16 thoughts on “The ISS Commercialization Studies”

  1. Seriously, look at the list of names. Its like you were looking for the most innovative new software and you sat down at Starbucks on 1st & Trimble in San Jose to kaffeeklatsch. I’m sure they were well written and dotted all the I’s and crossed all the T’s, but ‘vibrant’?

      1. A contract like this could have started a lot of businesses.

        Rand, usually you’re against pork in principle. Now you’re just disappointed the pork didn’t come your way. I don’t think you want to defend the position that pork going to the “usual suspects” is a bad thing but when it goes to me it’s a good thing. It makes it seem like the biggest complaint you have about the “usual suspects” is that you’re not one of them.

        1. NASA is supposedly spending this money in order to ultimately reduce their costs, develop new useful capabilities, and encourage the development of commercial activity in LEO. We can argue about whether or not that’s an appropriate role of the federal government, but the pork I object to is the money they spend for no purpose except to spend money in the right zip codes.

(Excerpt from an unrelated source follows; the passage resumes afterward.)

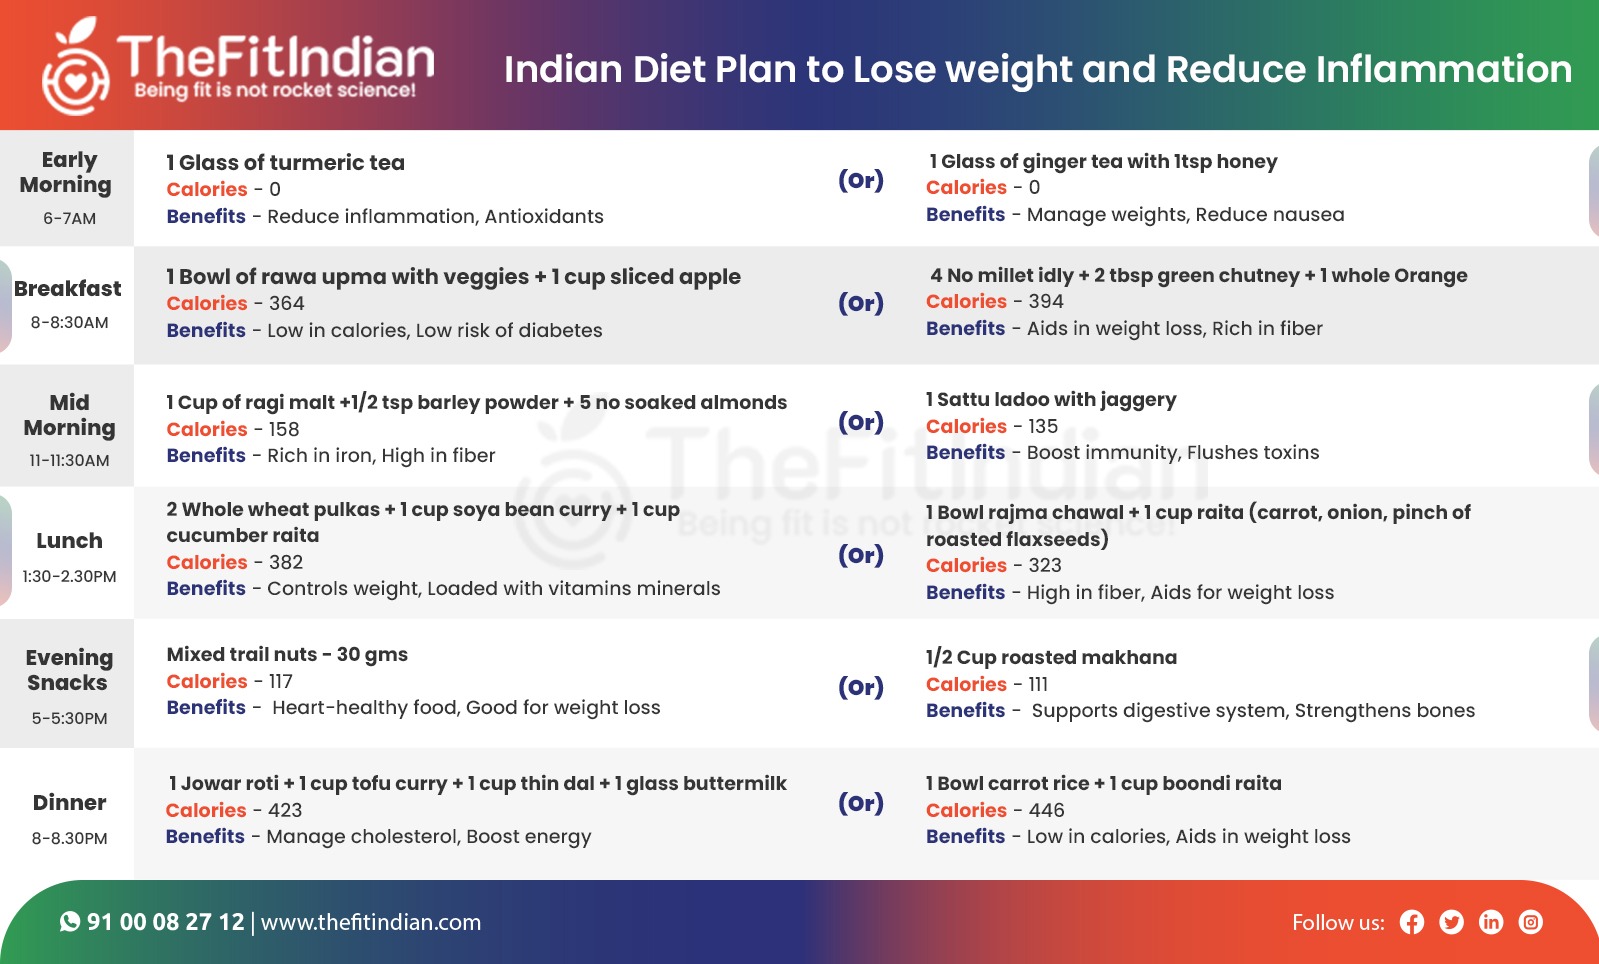 Diet plan to reduce inflammation and overweight

      2. Are you able to tell us about any interesting proposals that you saw? The good news is that a million dollars isn’t a sum that puts attracting investors out of reach as long as there is a possibility for a payback.

  2. Wow. Reading through the expectations for the studies, it seems to me that NASA has been through this exercise over and over and over again. Which means all of the usual players have all of their prior reports at hand, and can easily update them for low cost versus contract payout. Oh to be one of NASA’s handmaidens. Srsly, how cushy can they make it?

    When ULA finally came sniffing around for some free cislunar econosphere ice cream, I pointed out that the industry seems to be afraid to talk to anyone but themselves. Go out to materials science and engineering and medical science conferences and ask the folks “What can we do to get you to invest research monies in what we can provide?” Instead the industry talks to itself, re-hashing the same talking points and solutions over and over and over again, expecting different results. We all know what Einstein had to say about that.

    1. The problem would be that there’s not much interest there. Better to speak in a well-funded echo chamber.

  3. There are some consulting firms on the list that I haven’t heard about when space cadets speak on the interwebs. Are they the traditional players like the old contractors?

    1. Deloitte and McKinsey are management-consulting firms that have experts who focus on the space industry. I’m actually a little surprised that Accenture isn’t one of the winners. Maybe they didn’t bid.

  4. “Avoiding innovation”

    I think that pretty well sums up NASA these days. And indeed, the things they could do with even a fraction of what’s squandered on SLS.

    I do blame congress, of course, but NASA is to blame as well. Far too much and far too often, they have massively costly boondoggles (James Webb, anyone?) and stifle progress with bureaucracy (imposing “safety” rules on commercial crew that vastly exceed what NASA applies to itself).

  5. Again the problem is that final ‘A’ in NASA.

    It is becoming clear as each year goes by there is less and less there to be administered and at higher and higher cost.

    Your socialist space program in action.

    1. Perhaps they could look into refocusing a bit; focus on that final A, Administration, while not actually doing anything at all. Socialist perfection!

      I gotta say though, they do have SpaceX beat on the Mars stuff. SpaceX has a viable architecture and is building it, but NASA has a hashtag, while SpaceX has yet to develop one. Surely, that means NASA is ahead.